19 June, 1947 Pacific Northwest

I awoke this morning with a start, sweating, and unsure of my location. I scanned the room. Wood paneling. Lamp shaped like an owl. It was of no use.

I'd had the dream that haunted me throughout my early teens: I was piloting an air-boat (the type Cajuns use to traverse their swamp habitat) over a lake of burning corpses. I knew it was important I reach my destination—someone was waiting for me and they desperately needed my help. But the place and the person were just beyond the reach of my mind, due to the dream-fog that is familiar to any avid sleeper or user of DMT.

My years of banging Anna Freud should have taught me to heed the message my sub-conscious was sending me, but either because of hubris or the warmth I feel for the Cajun people, I shrugged it off as meaningless. I was also hungry and I remembered where I was: Somewhere in the Pacific Northwest, in lodging reminiscent of T.R.’s hunter/trapper themed bungalow on 57th and Lex. I had my usual breakfast of 6 poached eggs sent up from the kitchen.

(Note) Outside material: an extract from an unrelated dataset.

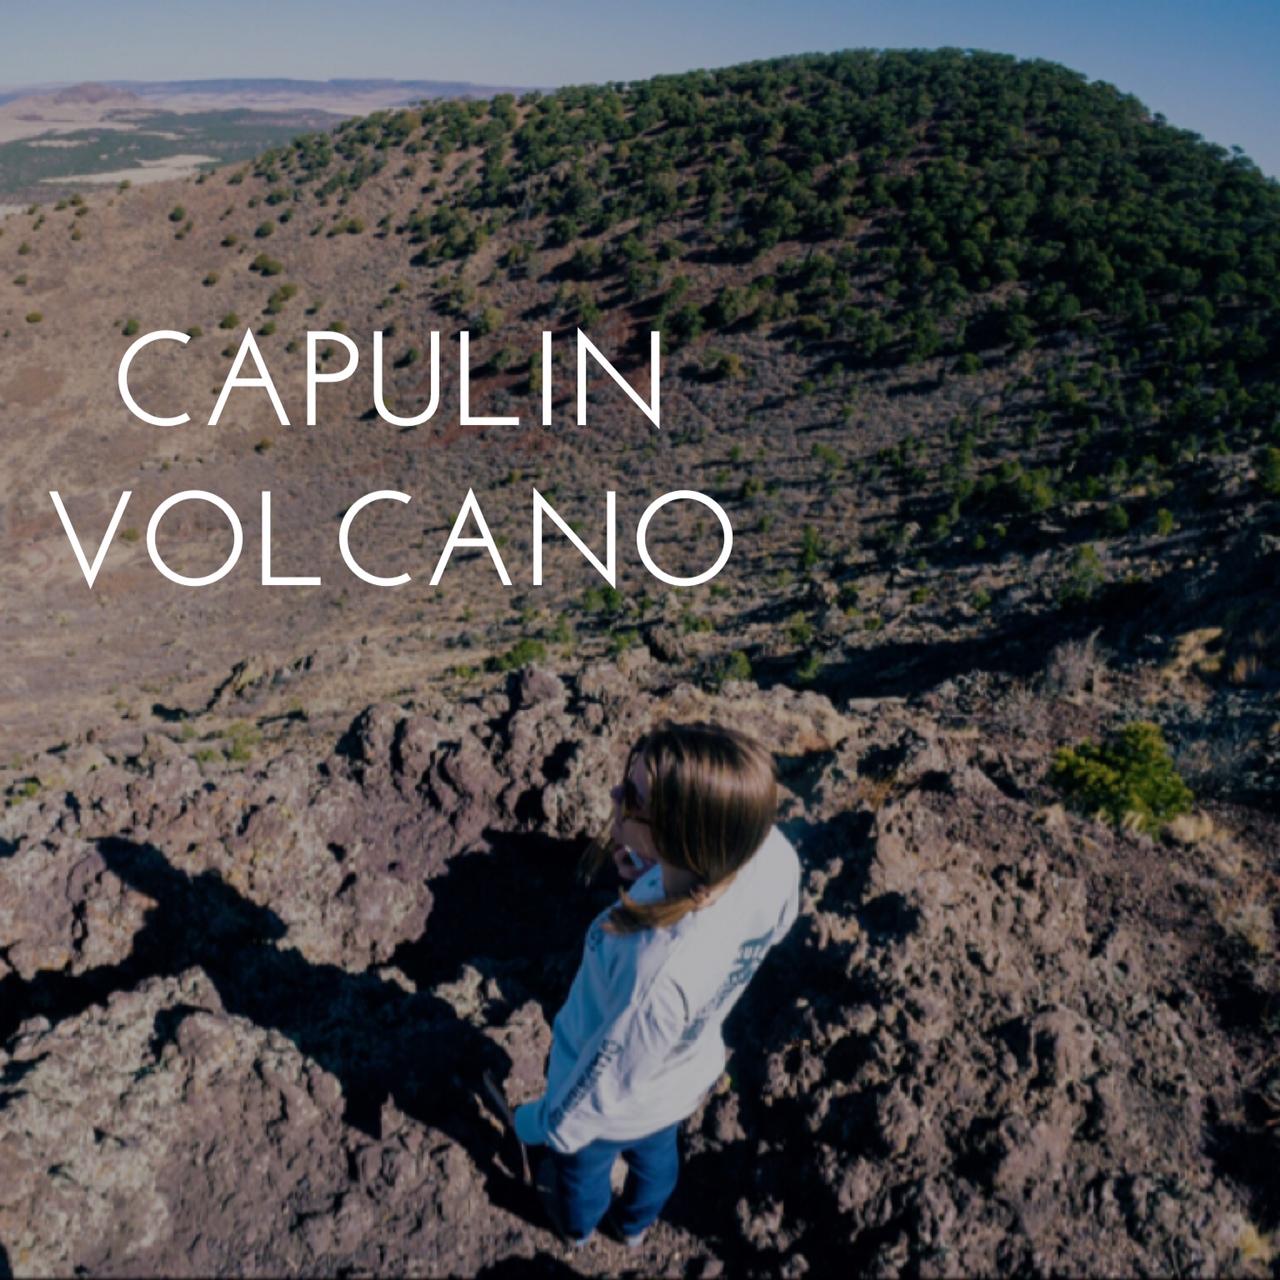 CapulinVolcano(1).jpg

I was on my fourth egg, when the horn of my traveling companion’s auto blared. I was to have been packed and ready by the time he arrived.

We had spent the previous night at the local "Hunter's Lodge Bar," a wonderfully rustic place in which the eponymous woodsmen put the events of the day behind them and display their keen sense of sportsmanship by allowing several elk to roam the bar without any worry of bother from rifles or hard looks. After gorging on whiskey and flannel, Thomas and I parted ways, he to the home of a distant relation, and I to the room at an establishment by the highway.

The horn blared again. I packed my belongings and my remaining eggs and made haste. Though, before settling the bill, I trashed the room, as I believe is customary in these "Mo-tels" (the quaint contraction of motor hotel). This also gave me the opportunity to work out an "anger experiment" I had been considering for some time (notes to follow).